06/03/09 - Jean-Yves Robin, le directeur général du GIP et de la future Agence des systèmes d’information de santé partagées (Asip) évoque, dans La Tribune (5-03), le lancement des premiers DMP dès l’année prochaine. Il souhaite "raisonner par paliers et non construire une cathédrale monumentale". "Dans un premier temps, nous allons sélectionner qu’un seul hébergeur du DMP pour stocker les données de santé des patients. Il sera prêt à la mi-2010. Tous les médecins qui auront mis à jour leurs logiciels de gestion pourront alors faire du DMP", détaille le directeur. Le dossier mettra plusieurs années à se généraliser. Il sera facultatif, une disposition de la loi Bachelot supprime son caractère obligatoire, et accessible aux médecins qu’avec l’accord du patient. "Pour que le DMP marche, il faudra qu’il aide les médecins dans leur métier, qu’il leur fasse gagner du temps. Son utilisation devra faire partie des bonnes pratiques des professionnels de santé". De leur côté, les députés ont voté mercredi 4 mars, dans le projet de loi HPST, une expérimentation du DMP sur une clé USB pour les patients en ALD, avant le 31 décembre 2010 . Rappelons que cette mesure figurait dans le PLFSS pour 2009, mais elle a été censurée par le Conseil constitutionnel.

En attendant notre fameuse clé USB ou notre DMP light, il existe un pays en Europe qui montre l’exemple dans le domaine de l’e-santé avec de très faibles moyens : l’Estonie. Ne loupez pas l’article du Dr Fraslin "L’Estonie nouvel eldorado des systèmes d’informations de santé ?" Ce pays, l’un des moins riches de l’Union européenne, "s’est engagé dans la voie de la cybersanté, car son système de santé n’est pas au top", ceci dès 2002. Les quatre projets de santé en ligne - dossier de santé électronique (EHR), Digital prescription, Digital Registration, Digital Image - sont financés par les Fonds structurels de l’Union européenne (36 millions euros). "Des e-cacahouètes par rapport au 73 millions d’euros dépensés en France pour l’avorton DMP et l’argent dilapidé dans les réseaux de soins. Avec le seul budget du GIP-DMP les trois états baltes auraient pu financer leur e-santé", constate l’auteur de l’article.
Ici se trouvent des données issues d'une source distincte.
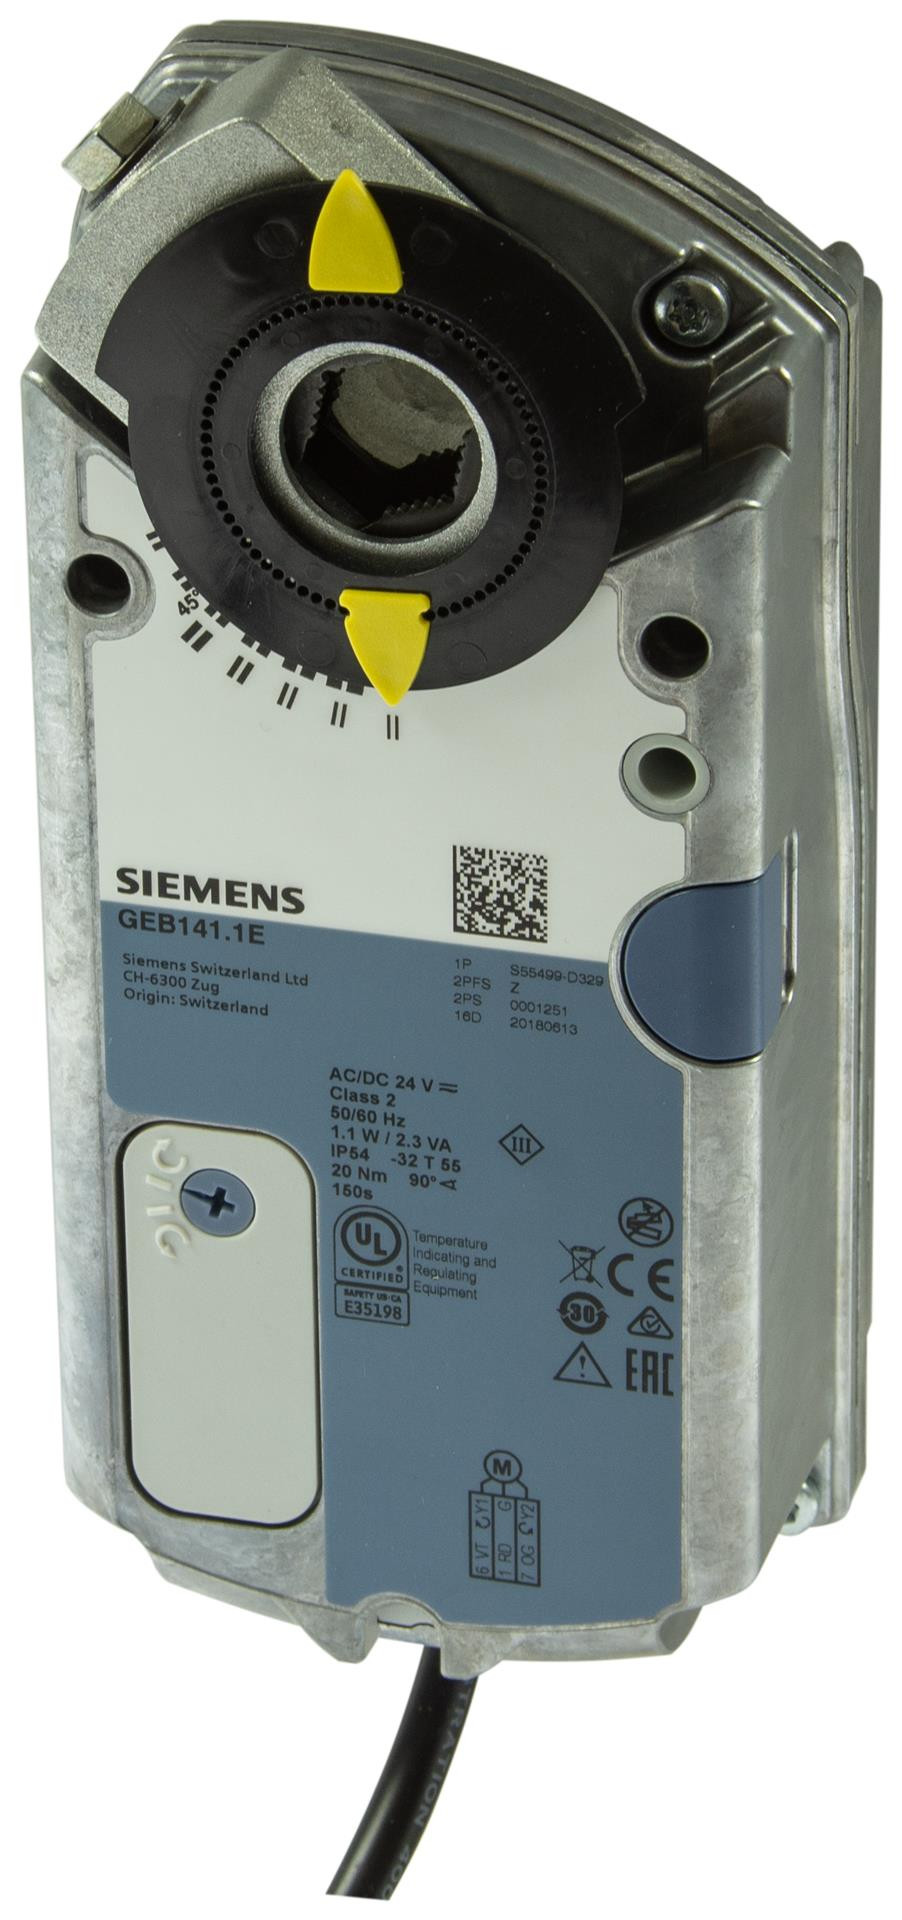 Siemens Luftklappen-Drehantriebe 20 Nm ohne Federrücklauf GEB141.1E

De son côté, Google poursuit le développement de son dossier médical en ligne lancé en mai dernier. Il a annoncé le 4 mars que les internautes utilisateurs de son service gratuit Google Health pourront désormais partager leurs données médicales hébergées en ligne avec leurs proches ou leur médecin. L’interface sécurisée permet à L’iinternaute d’interrompre à tout moment le partage de ses données et de savoir qui les a consultées. Autre nouveauté proposée par le service Google Health, la possibilité d’imprimer une mini-carte sur laquelle sont mentionnées les allergies ou le groupe sanguin de lŒutilisateur.

Sur le site I-Med - L’Estonie nouvel eldorado des systèmes d’informations de santé ?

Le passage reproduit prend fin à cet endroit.